Beth Gutierrez said there are a lot of distractions for pilots flying into and out of the airport.
"Passing boats and ships can be a distraction," she said, noting that some cruise ships and freighters often are several stories high and pass close to one runway.
"And it's a short runway," Marcel Gutierrez said. "I just don't think it's safe anymore."
A records search shows the fixed-single-wing aircraft is registered to Tampa Aircraft Holdings Inc., 910 S. Newport Ave.
The plane crash today was at least the fifth involving fatalities or injuries in the past decade at Peter O. Knight Airport on Davis Islands:
March 1998: A pilot is injured when a plane hits a hangar during takeoff. The incident is blamed on pilot error.

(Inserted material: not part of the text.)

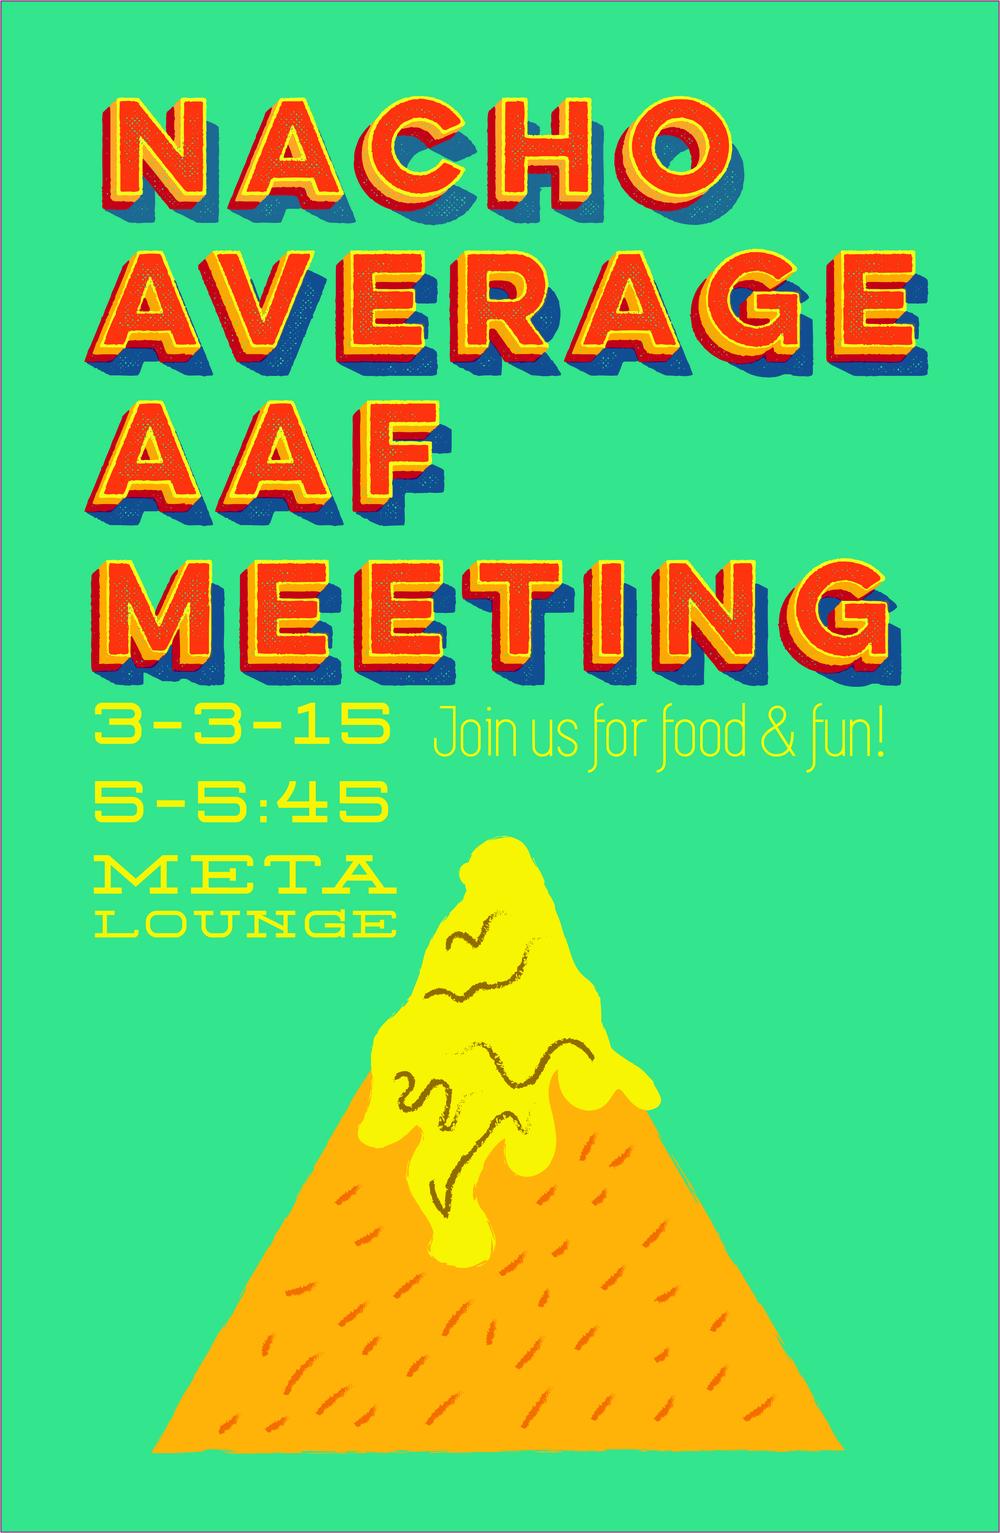 AAF Poster 04_Outlined.jpg

August 2002: Two occupants are killed when a single-engine kit plane crashes into the concrete wall of a dry dock at the Port of Tampa and burst into flames shortly after takeoff.
April 2004: A plane crashes into the water while attempting to land, killing the pilot and one passenger. The wreck is blamed on mechanical failure.
June 2006: A twin-propeller aircraft slams into a Davis Islands home during an emergency landing, killing the pilot and severely injuring the co-pilot. Investigators determine mechanical troubles and pilot error caused the crash.